If I were FB, I'd go with the latter, just so that I can say, "Fmail - it's one better than Gmail!"
Of course, that opens up a whole raft of other issues, not the least of which is F being right next to G (on my US QWERTY keyboard), so folks keying in an address might typo and send emails to the wrong service and/or person.
Not sure why you think that, Facebook has always stressed one, real identity. If your facebook URL is facebook.com/john.smith, why should your email not be john.smith@facebook.com? Is there a compelling reason? What would be the difference if john.smith became an employee of facebook?
Public profiles are indexed. Knowing the URL would then give you their fb email if it was also based on the same handle (which is certainly the most user friendly). Meaning facebook email will be hammered with spam. It'll be interesting to see what they go with.
Interesting... Not just that, it will be trivial to target spam directly at people and depending on the visibility of their profile, target it based on their public data.
If I were FB, I'd go with the latter, just so that I can say, "Fmail - it's one better than Gmail!"

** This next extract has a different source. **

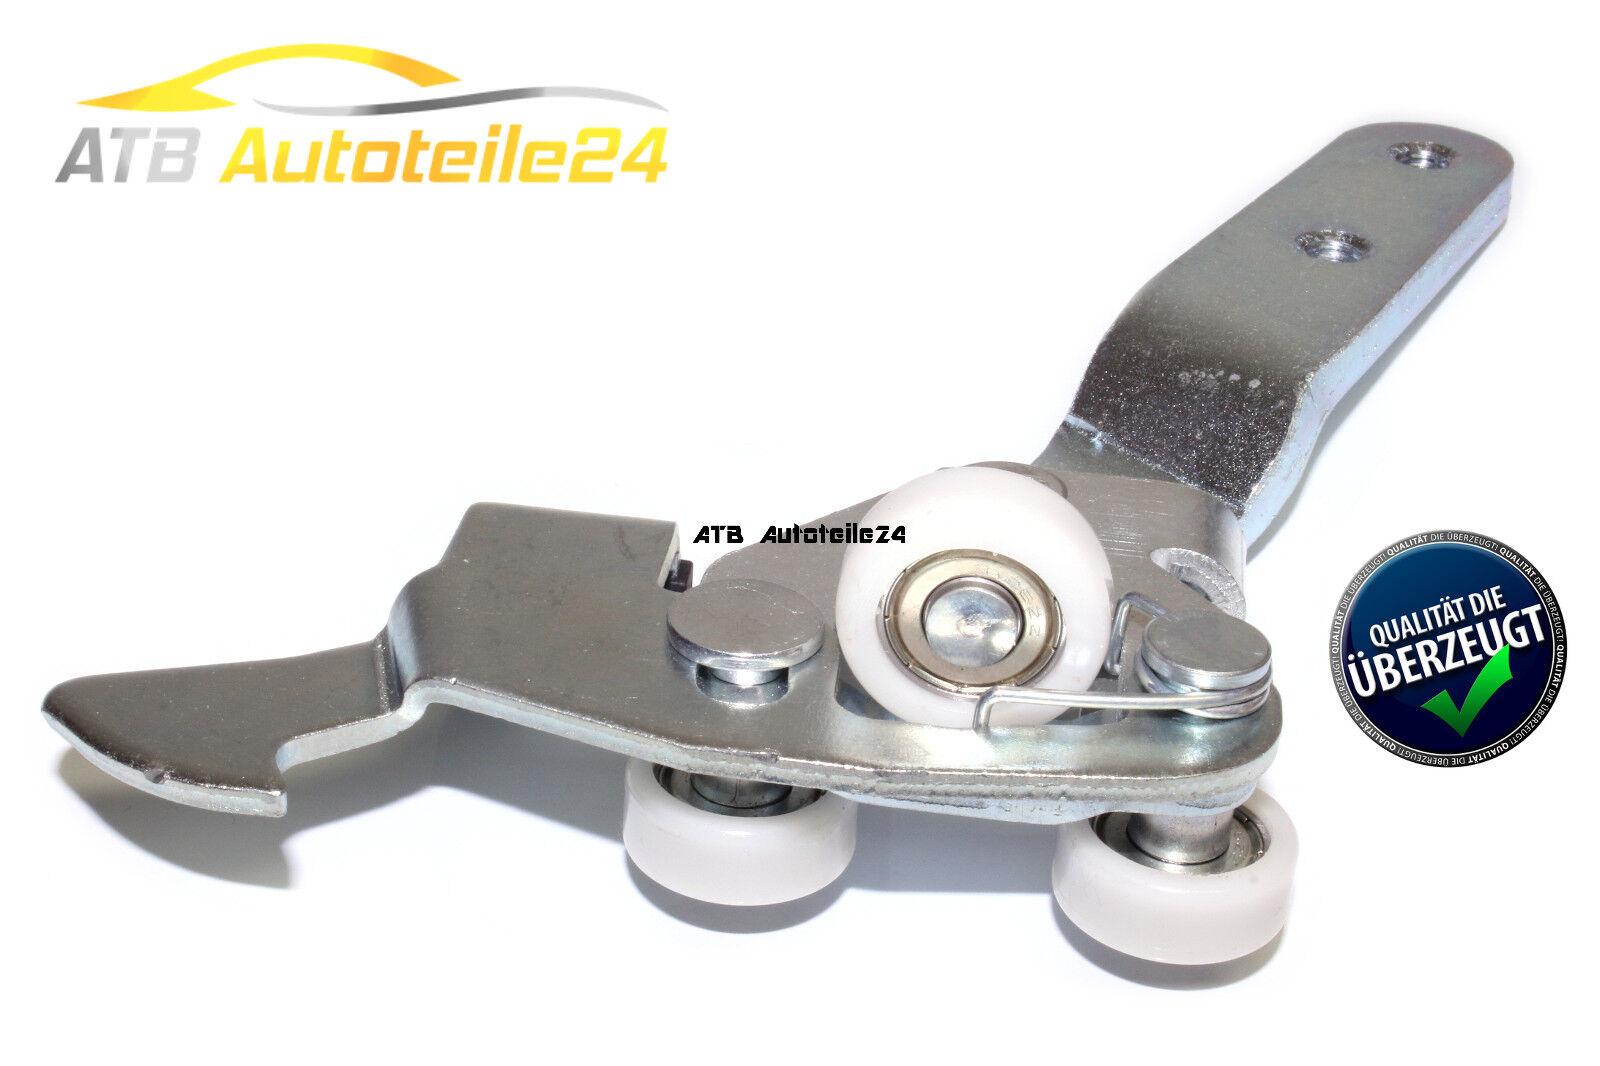 Fiat Ducato Rodillo De Puerta Corredera Runner mecanismo de bisagra Kit de reparación X 1

Your view is exactly opposite from mine. I viewed it as higher is better (where A is 1 - or 0 if you're binarily inclined). You have regular email, and Google's GMail is two higher.
Facebook using FMail, to me, feels a bit like saying "it's better than plain Jane email, but still not quite as good as GMail."
If I were FB, I'd go with the latter, just so that I can say, "Fmail - it's one better than Gmail!"
Of course, that opens up a whole raft of other issues, not the least of which is F being right next to G (on my US QWERTY keyboard), so folks keying in an address might typo and send emails to the wrong service and/or person.